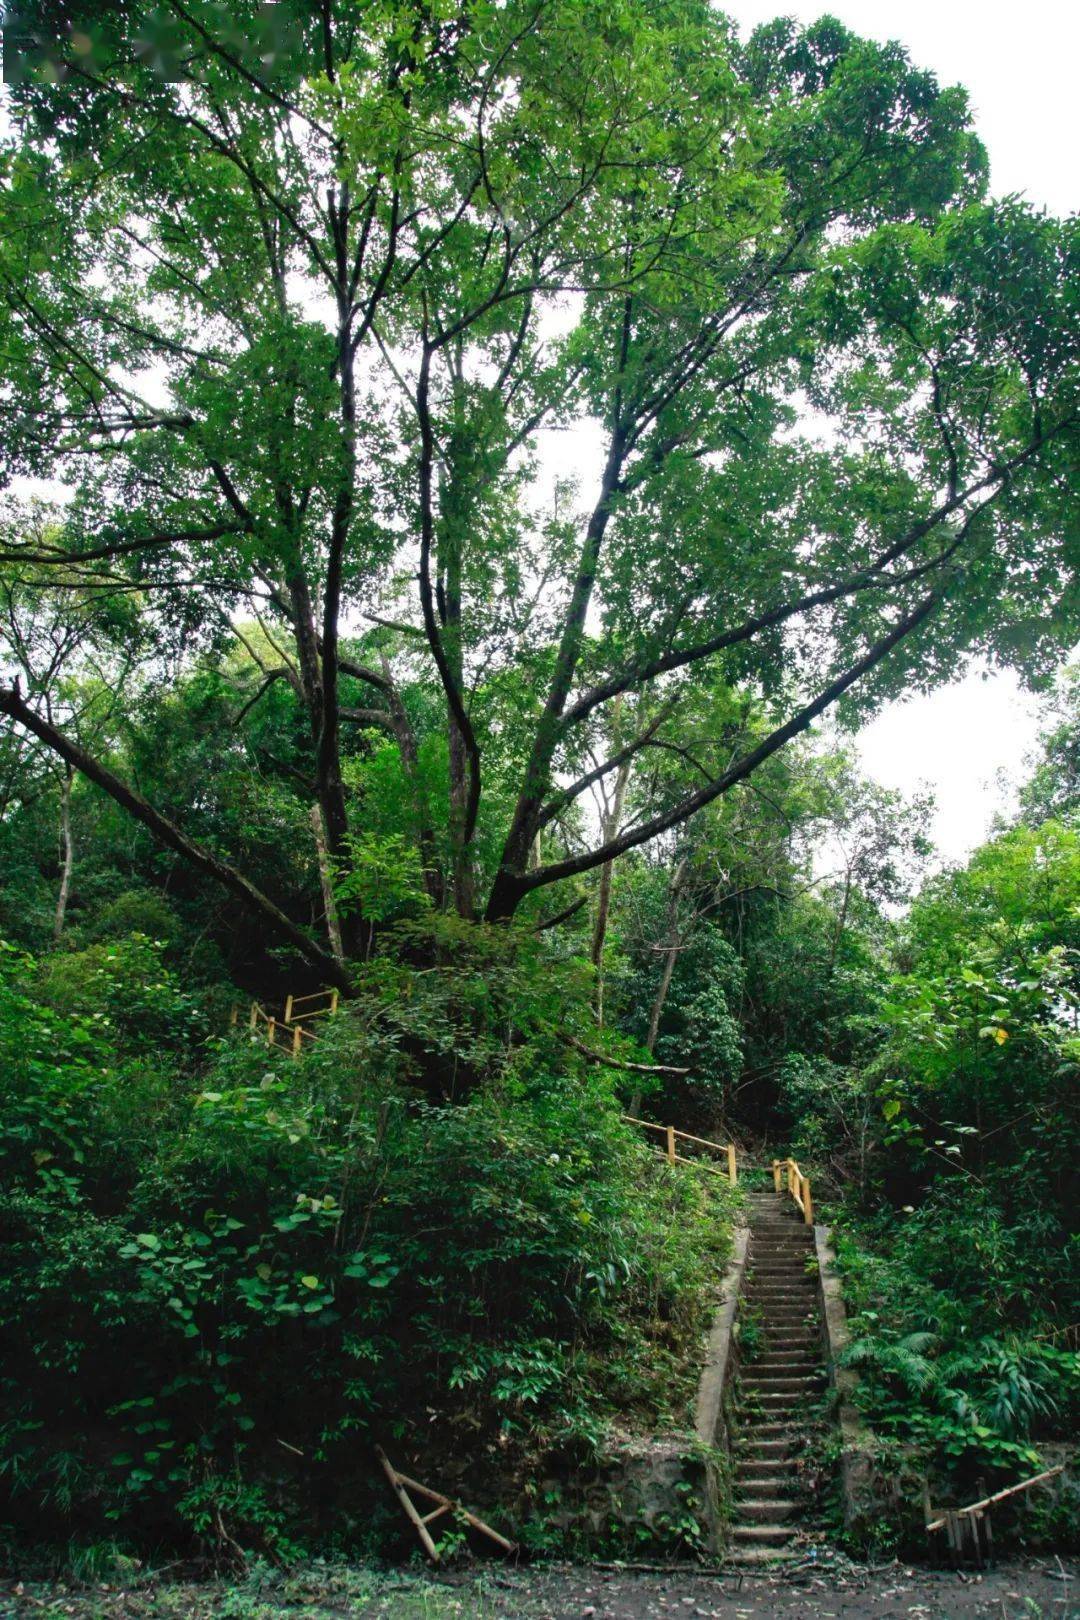 佛冈羊角山森林公园,它位于素有广州后花园和漂流
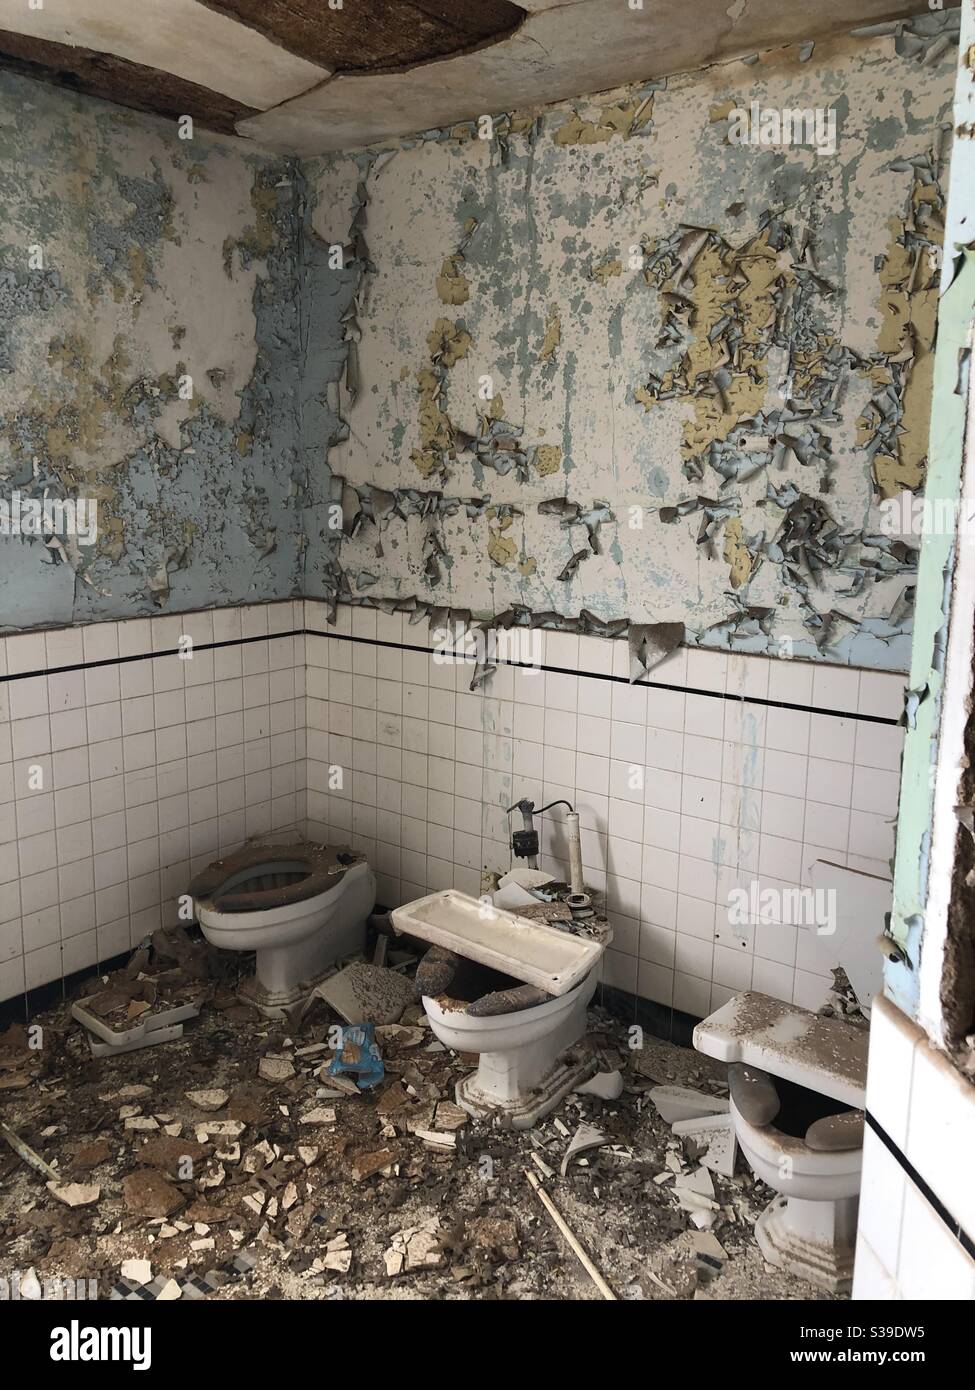 El baño daba miedo abandonado Foto de stock
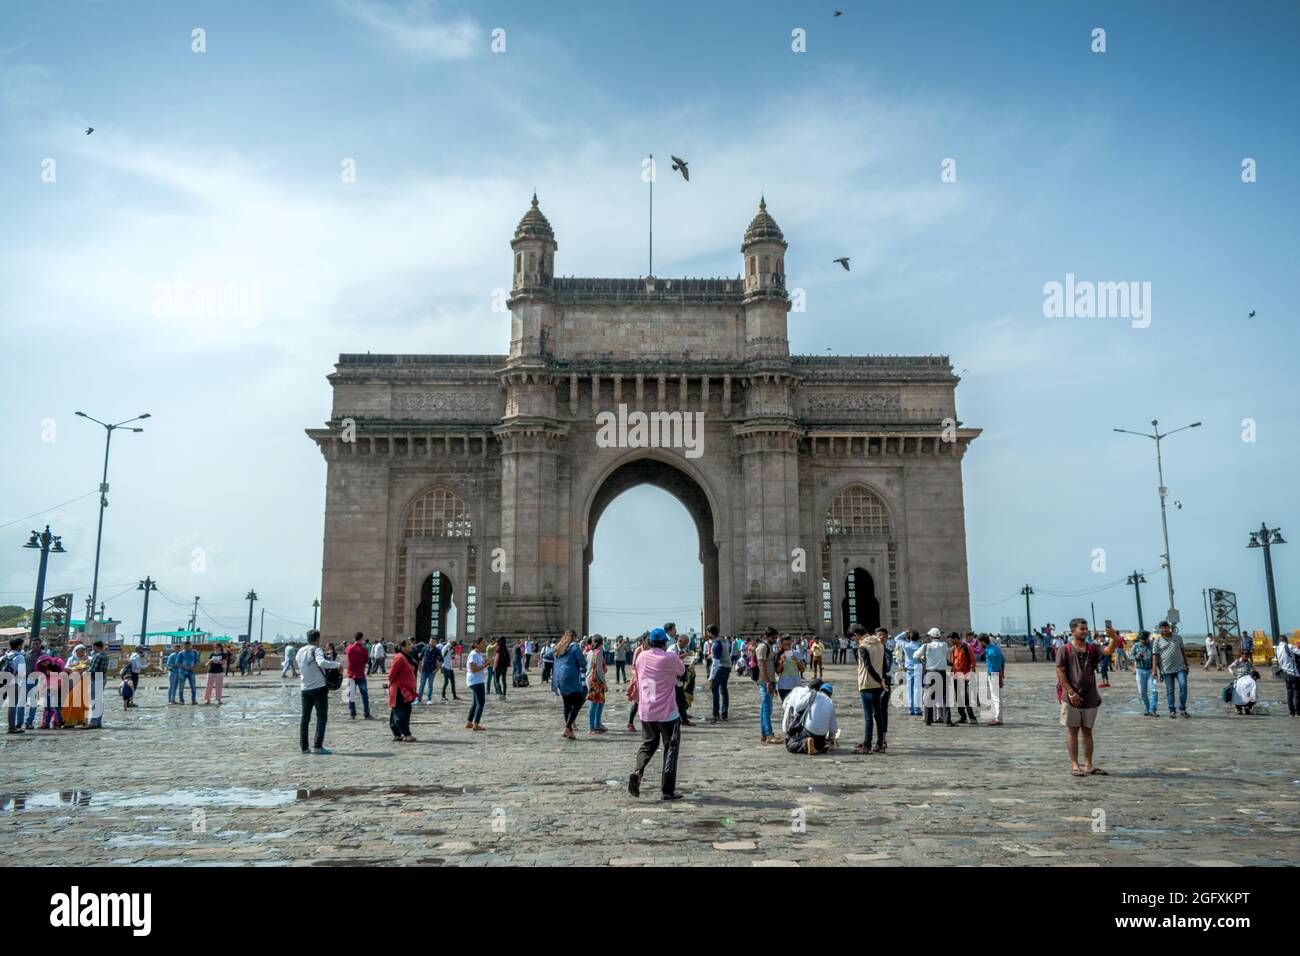 Mumbai, Maharastra, India - Jul 14 2019: People at the iconic Gateway of India, a symbol of the heritage of Mumbai, India Stock Photo
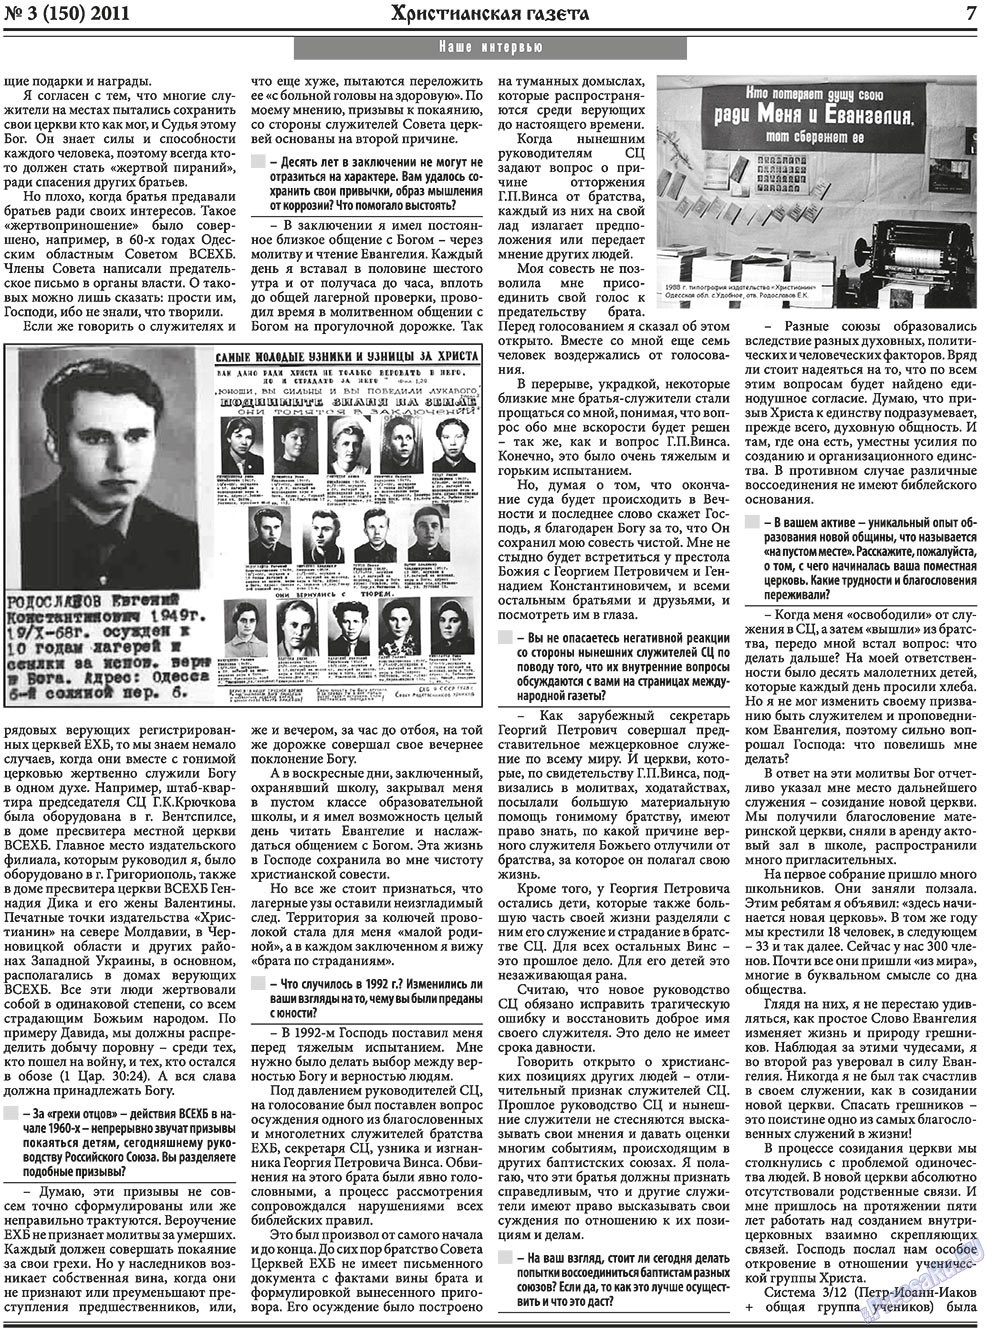 Христианская газета, газета. 2011 №3 стр.7

_Exercise aim_:
Copy the line showing "Mumbai, Maharastra, India" exactly, along with each line after it through the end of the material above. Pictures stay out.

_Finished exercise_:
 Mumbai, Maharastra, India - Jul 14 2019: People at the iconic Gateway of India, a symbol of the heritage of Mumbai, India Stock Photo
 Христианская газета, газета. 2011 №3 стр.7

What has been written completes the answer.